All terms (primary and synonyms) are unique within a subontology, and (with a few exceptions) are unique between subontologies, too.

Subsets

<todo>

Identifiers & persistent URLs

Each EDAM concept has an alphanumerical identifier that uniquely identifies that concept. The general form is:

  • <namespace>_<4-digit-ID>

where <namespace> refers to an EDAM subontology, one of:

  • topic
  • operation
  • data
  • format

and <4-digit-ID> uses numbers from 0 to 9. Note this number is unique across all subontologies.

The IDs are used in URLs that resolve to information about the concept, e.g.:

These identifiers (and the URLs) persist between versions: a given ID and URI are guaranteed to continue identifying the same concept. This does not imply that terms, definitions and other information remains constant, but the IDs will remain essentially true to the original concept.

Occasionally, concepts become deprecated - designated as not being recommended for use.

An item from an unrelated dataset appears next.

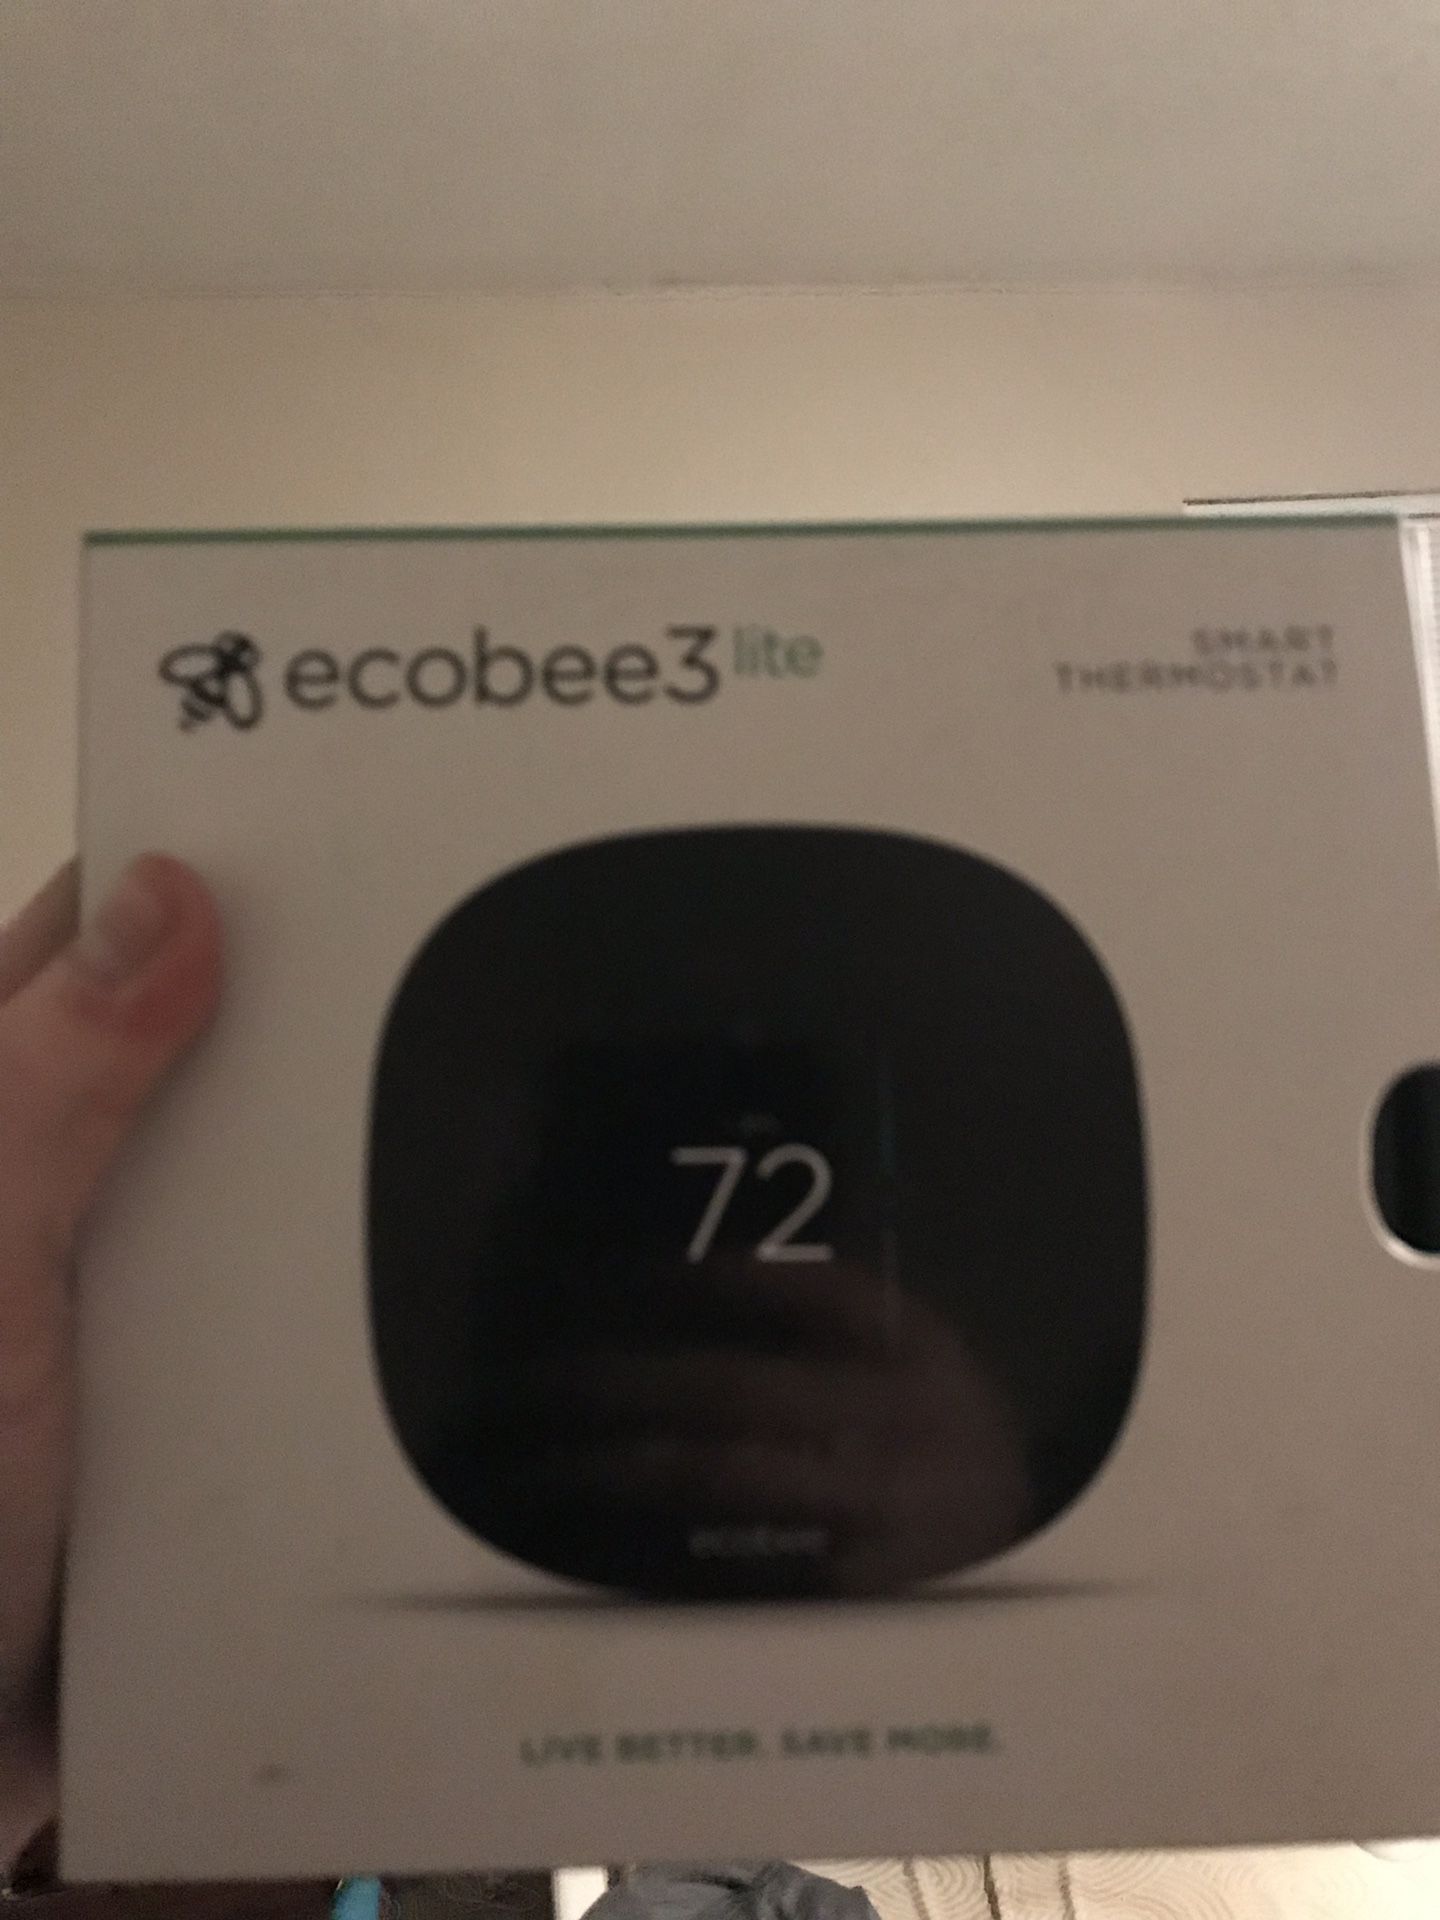 Ecobee3 life smart thermostat $120
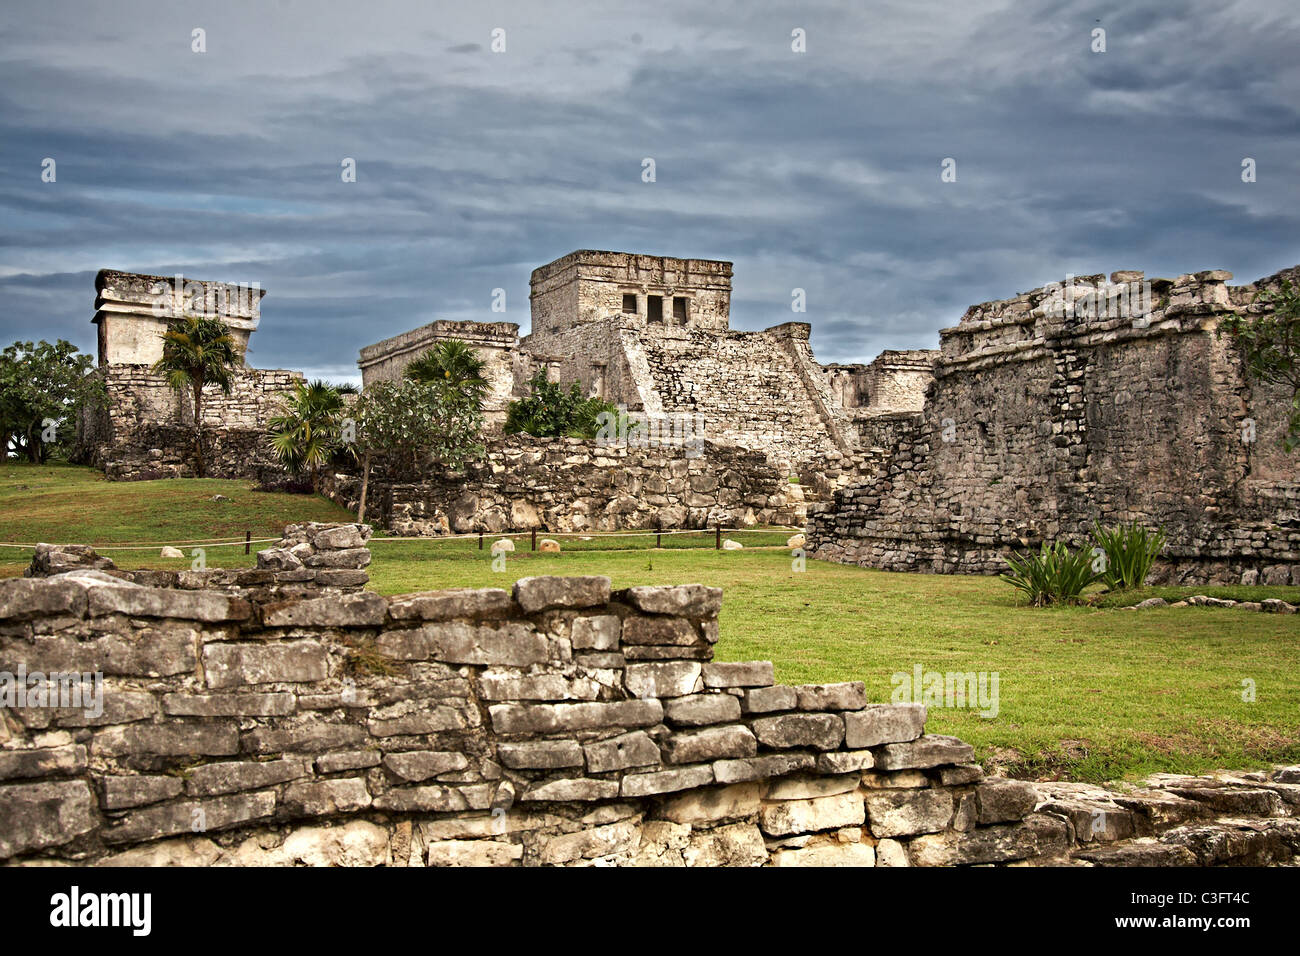 Ruines Maya El Castillo et le Temple de la Dieu descendant à Tulum, Mexique Banque D'Images

Deprecated concepts also persist; they are removed and will maintain their ID and URI. EDAM developers adhere to rules on deprecatation, e.g. a replacement concept, or suggested replacement is given for all deprecated concepts.

Color scheme

In order to propose a coherent experience in environments using the EDAM Ontology, a color sheme have been chosen and it is recommended to use it. Images the color scheme can be found here and there.

Branch Color Light color
Data #a7544d #d6b1ae
Identifier #d6b1ae #e2cdcb
Topic #5f903d #b4cca1
Operation #556ca9 #a3b0d1
Format #e6834c #f2c4a9
Deprecated #999999 #bbb

Users Guide

Important

EDAM has many applicatons. If using EDAM to annotate software, we strongly recommend you read the bio.tools Curators Guidelines which includes detailed information for this purpose. A few more general, and more specific guidelines are below.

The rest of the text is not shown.